:: Information shown ::
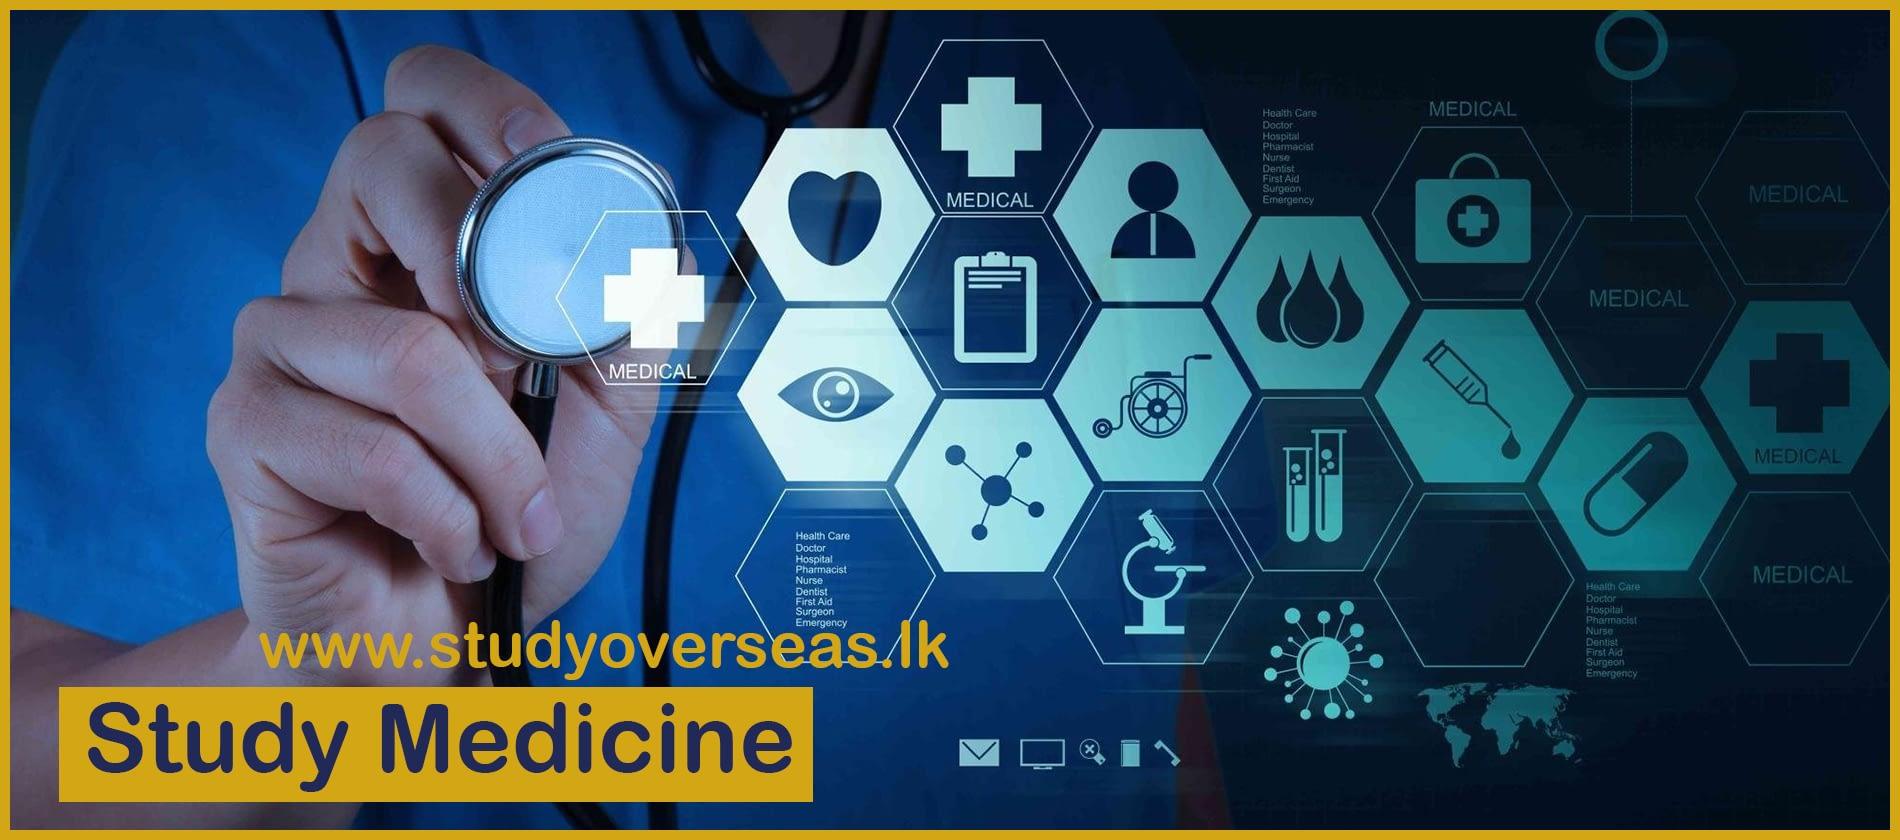 study_medicine_www.studyoverseas.lk
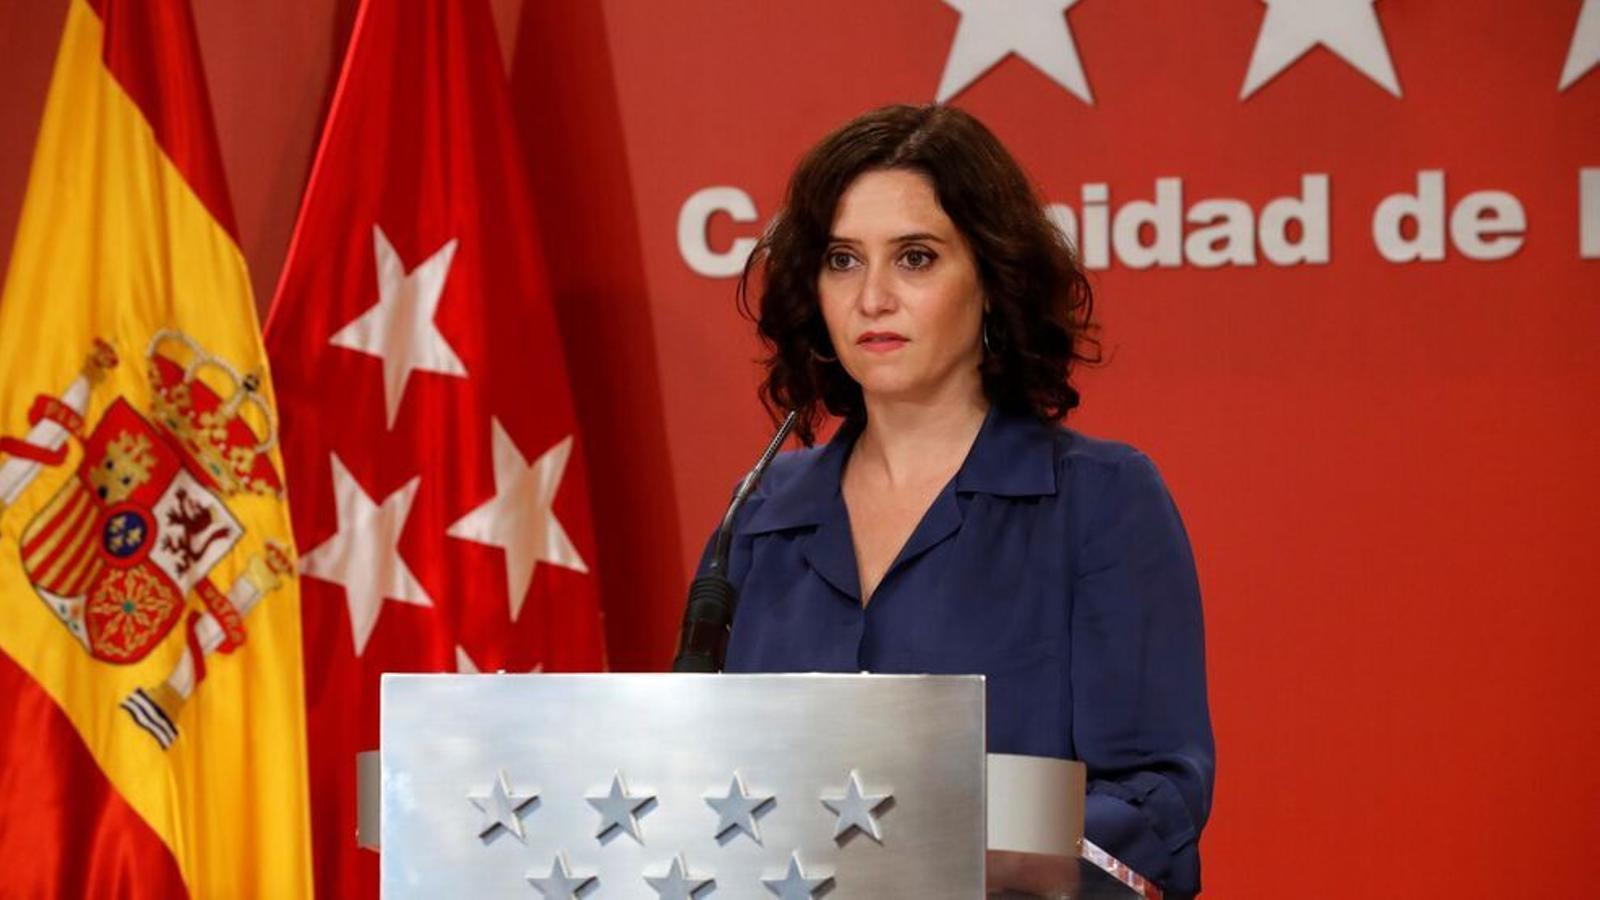 La presidenta de la Comunitat de Madrid, Isabel Díaz Ayuso, en una imatge d'arxiu.
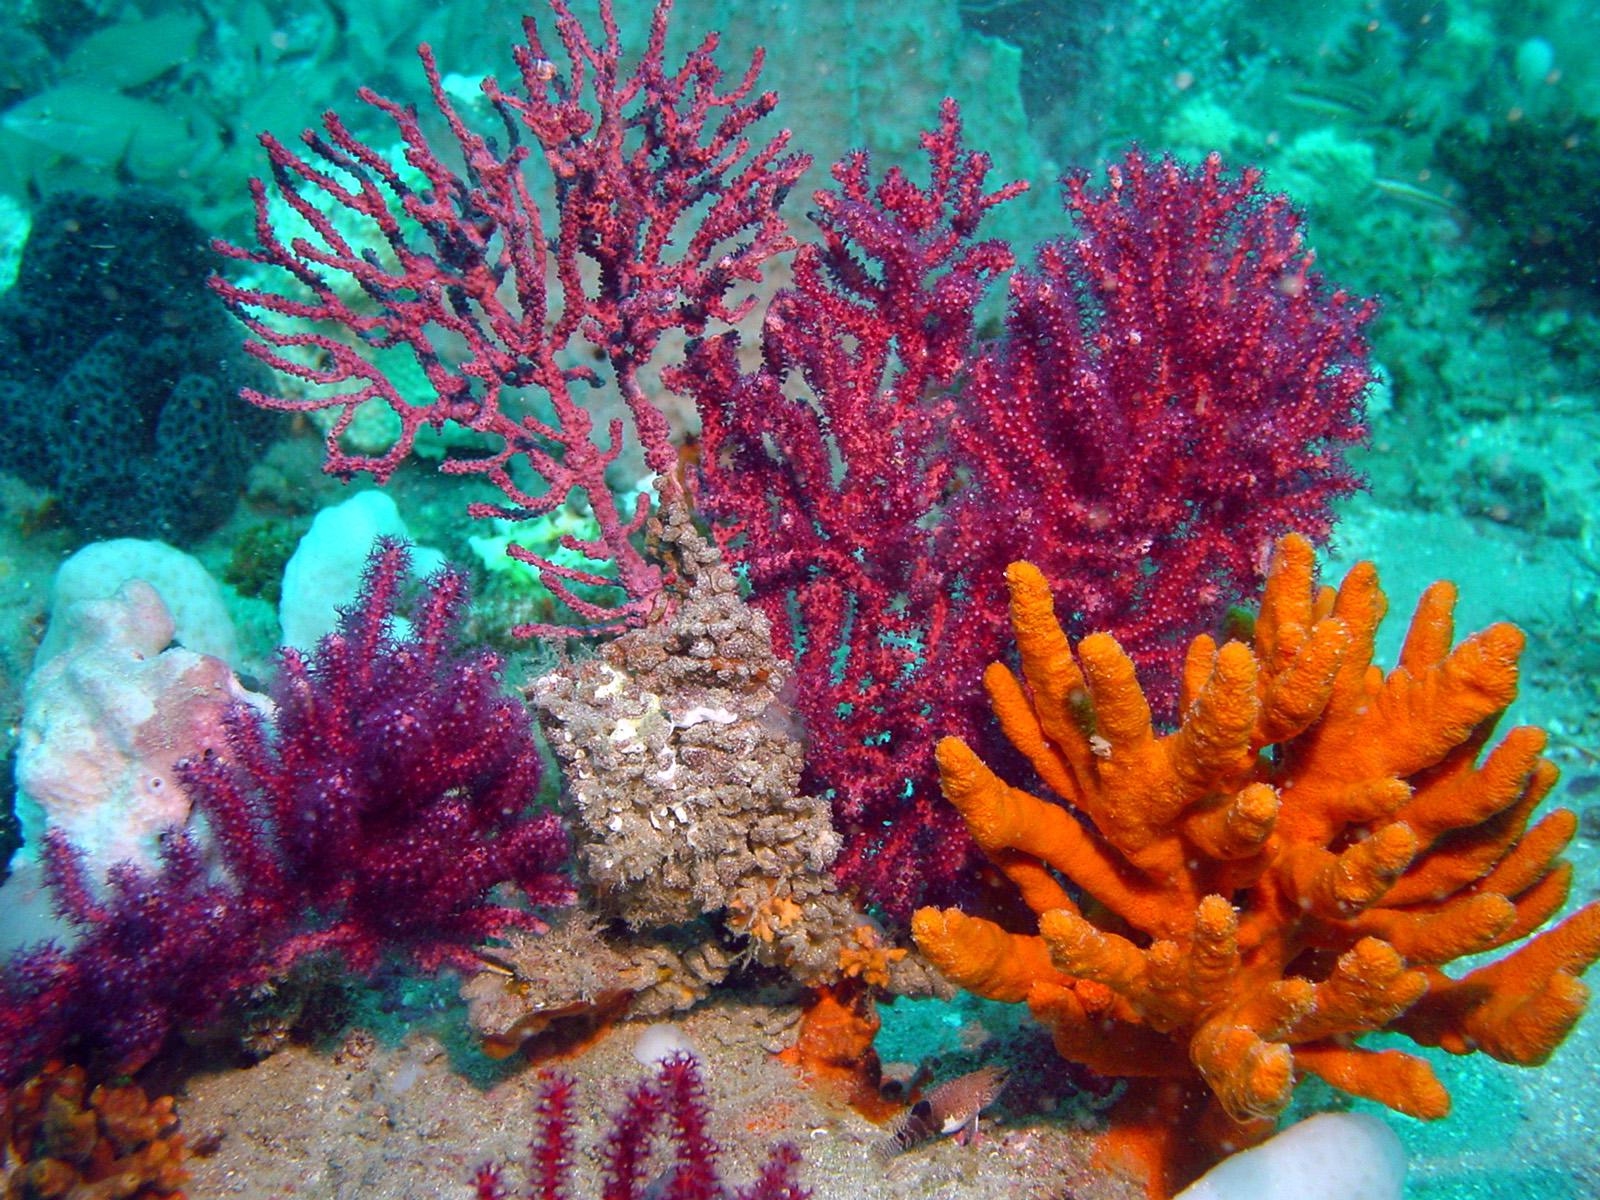 Upcoming Fishinars Lionfish South Atlantic States

:: What to do ::
Begin at the line that contains "La presidenta de" and transcribe exactly, and only, each line through the final line of the data above, both included; the pictures do not go in.

:: Problem solution ::
 La presidenta de la Comunitat de Madrid, Isabel Díaz Ayuso, en una imatge d'arxiu.
 Upcoming Fishinars Lionfish South Atlantic States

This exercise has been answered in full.